> **PROVIDED INFORMATION**:
########
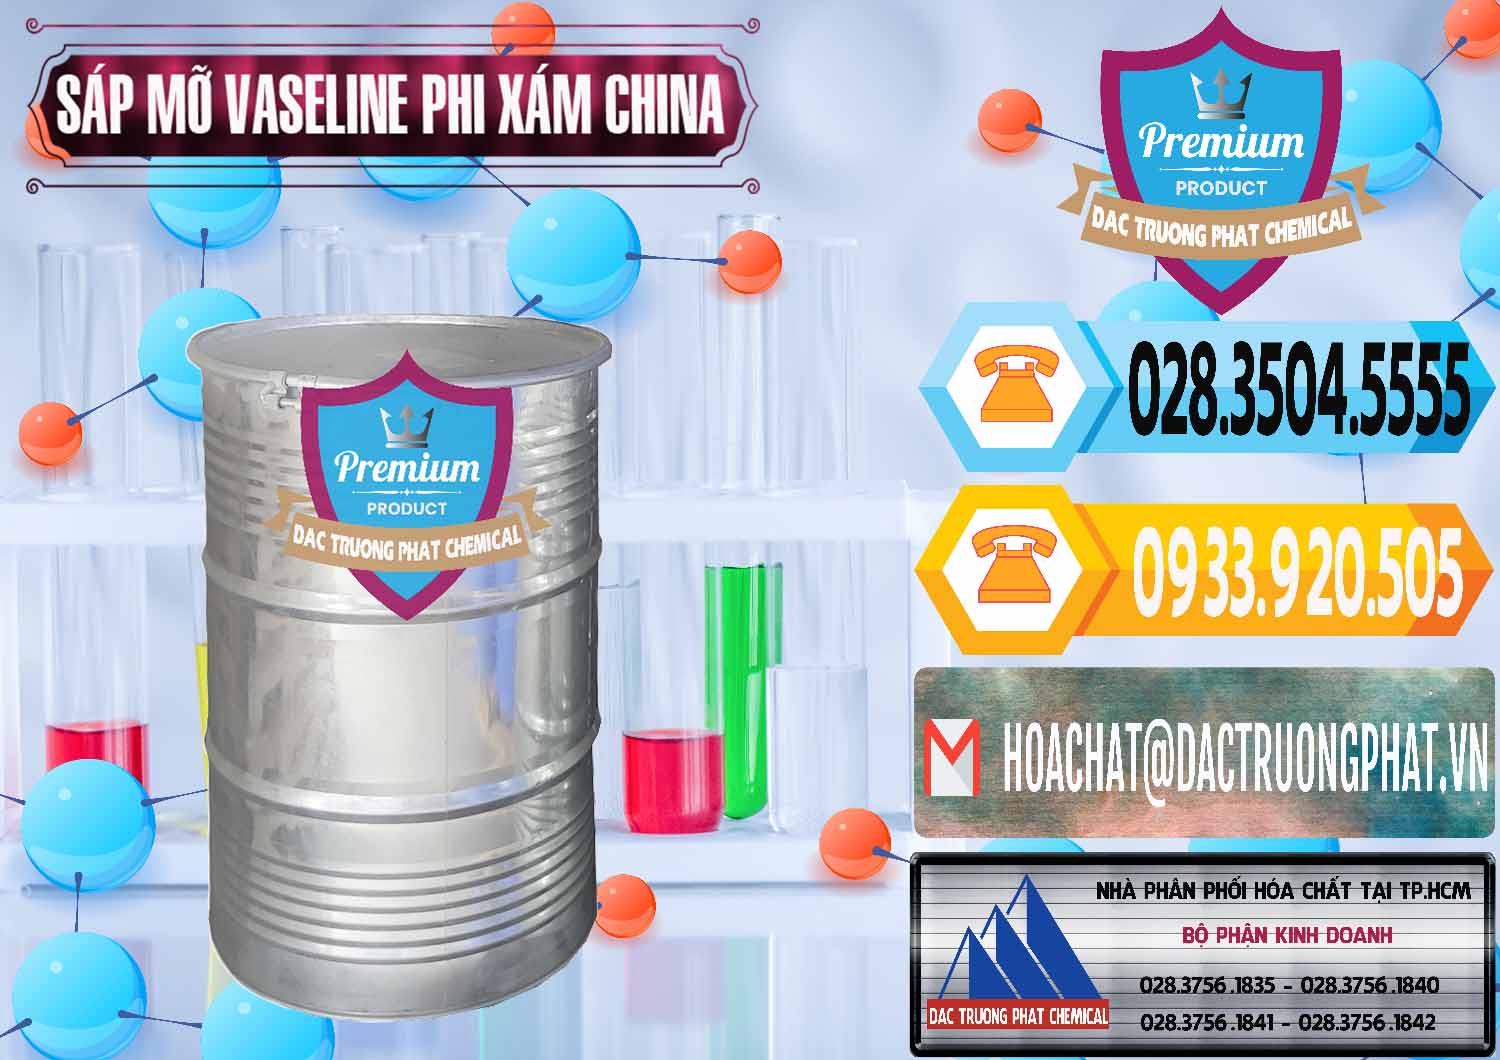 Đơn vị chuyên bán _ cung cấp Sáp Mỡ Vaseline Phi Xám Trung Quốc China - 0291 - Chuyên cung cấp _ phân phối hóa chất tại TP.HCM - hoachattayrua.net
########
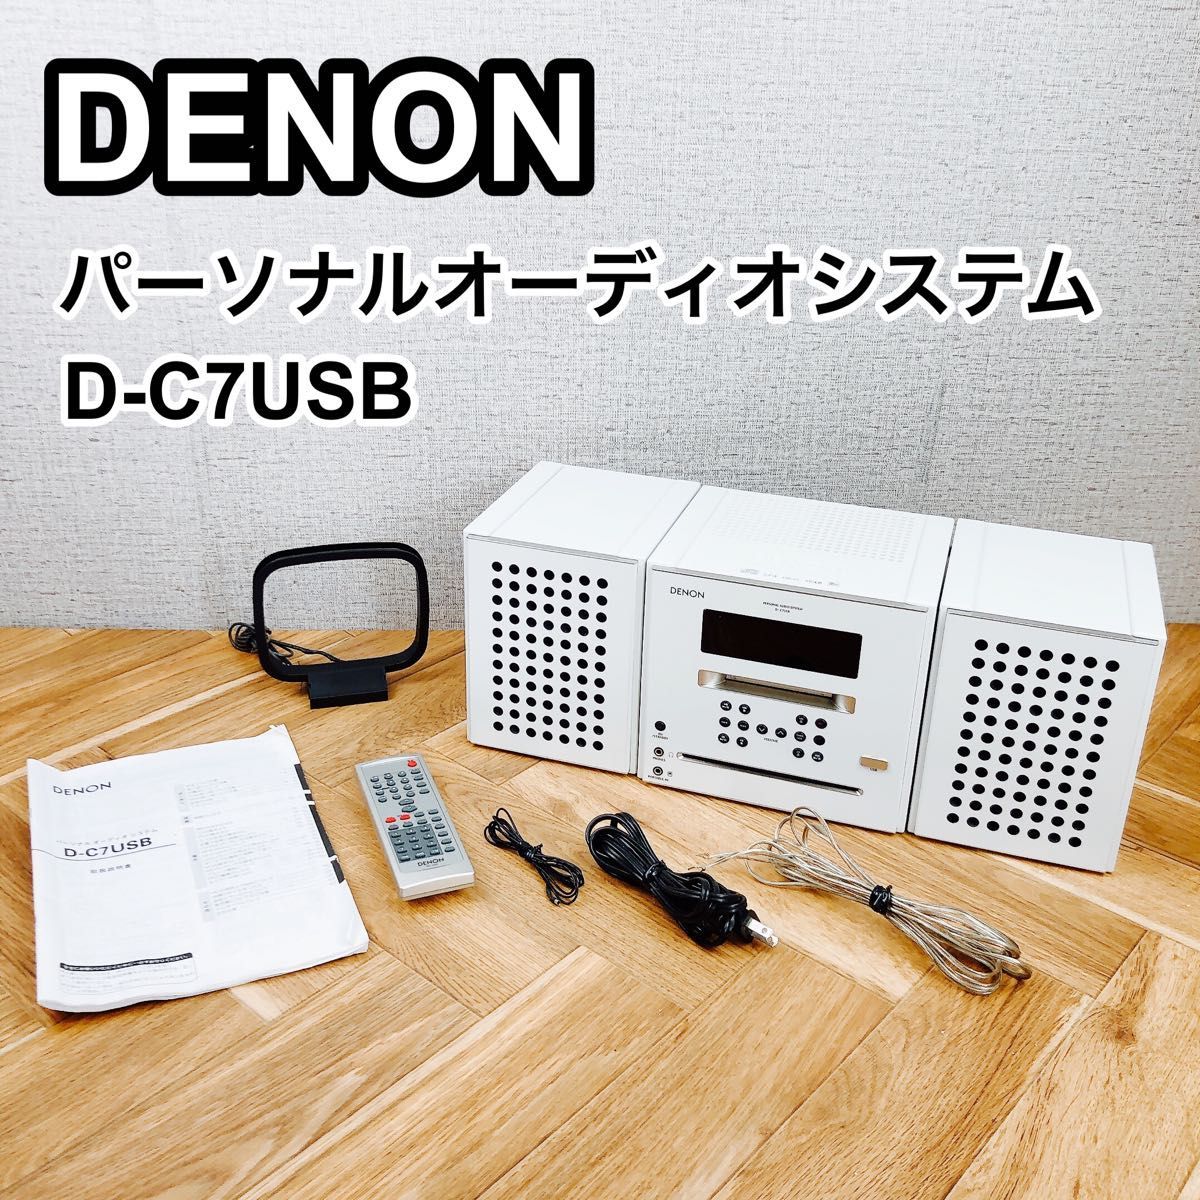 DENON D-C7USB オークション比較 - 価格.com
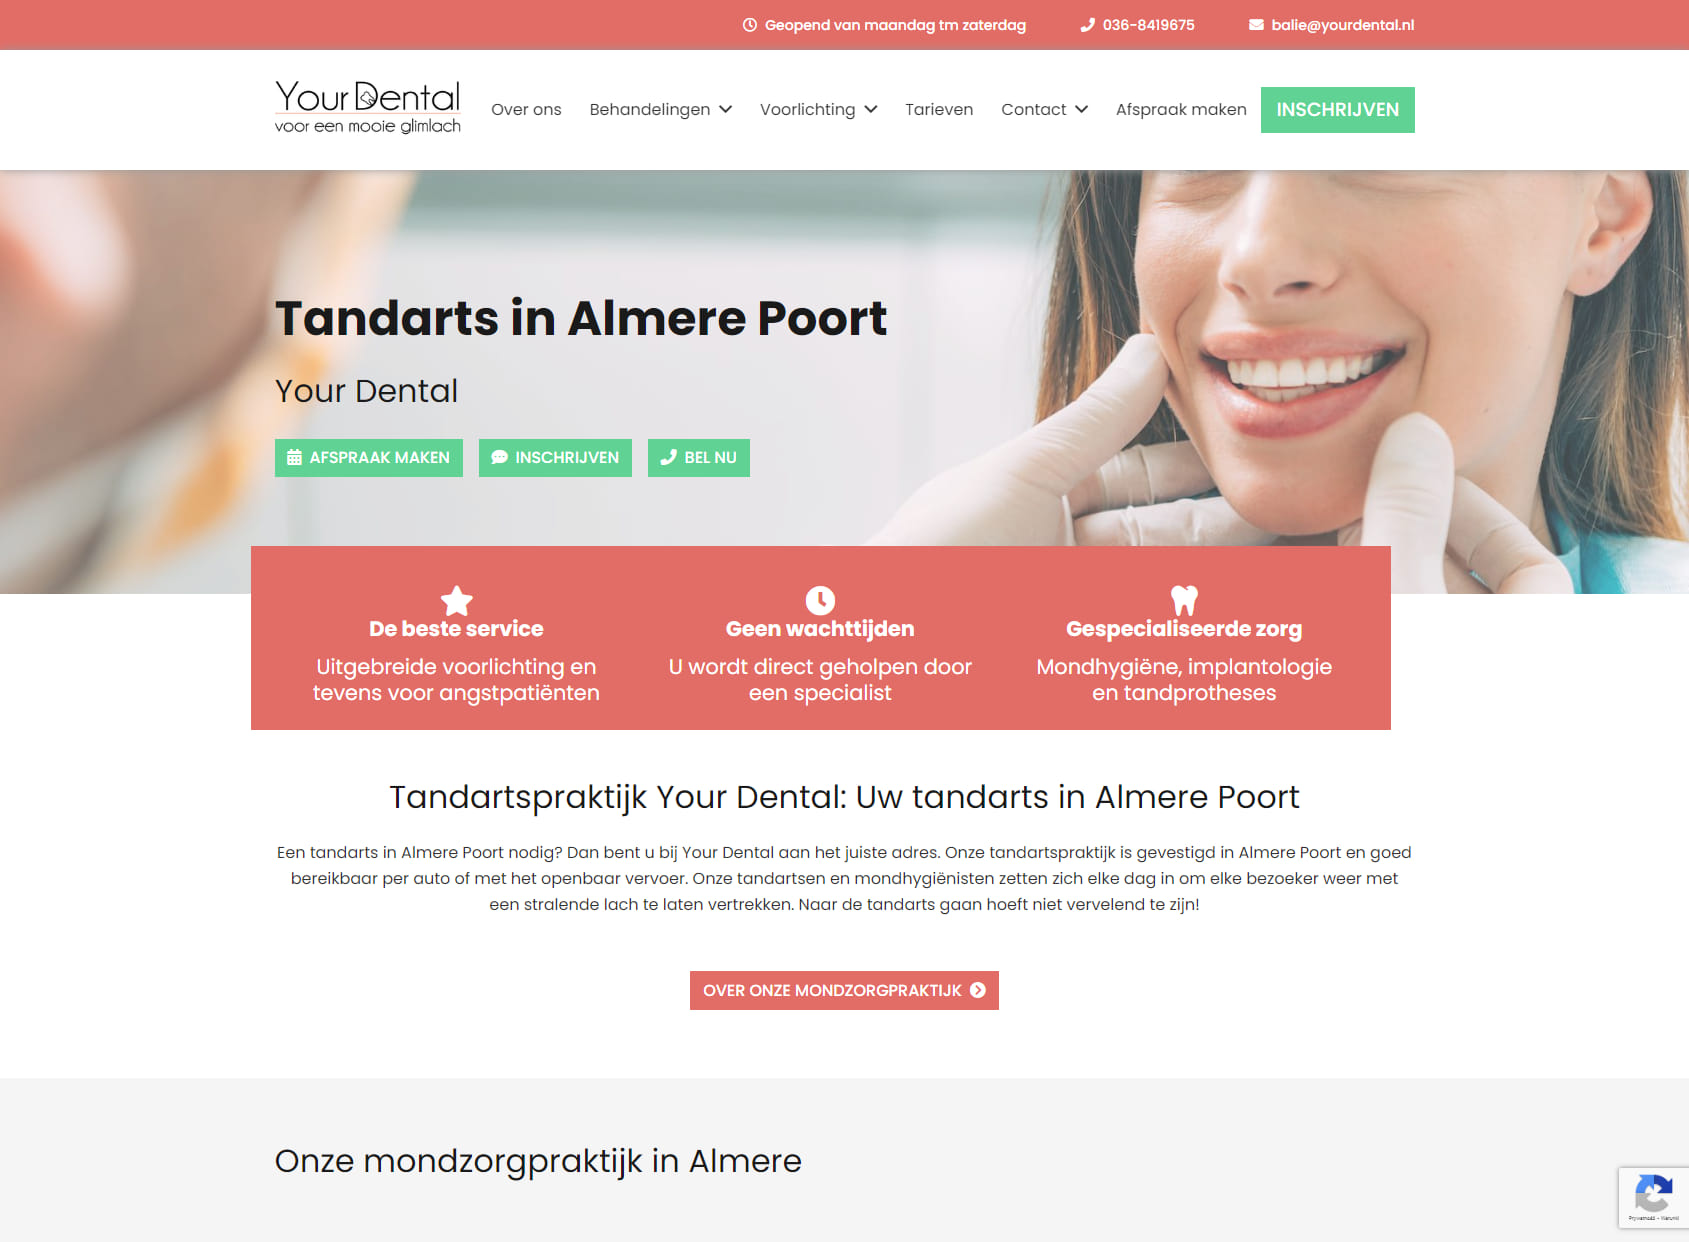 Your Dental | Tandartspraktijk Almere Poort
########
> **PROBLEM TO WORK ON**:
Look above and copy only the lines from the one holding "DENON D-C7USB オークション比較 - 価格.com" to the one holding "Your Dental | Tandartspraktijk Almere Poort", both included, exactly, minus the pictures.

> **ANSWER TO THIS EXERCISE**:
 DENON D-C7USB オークション比較 - 価格.com
 Your Dental | Tandartspraktijk Almere Poort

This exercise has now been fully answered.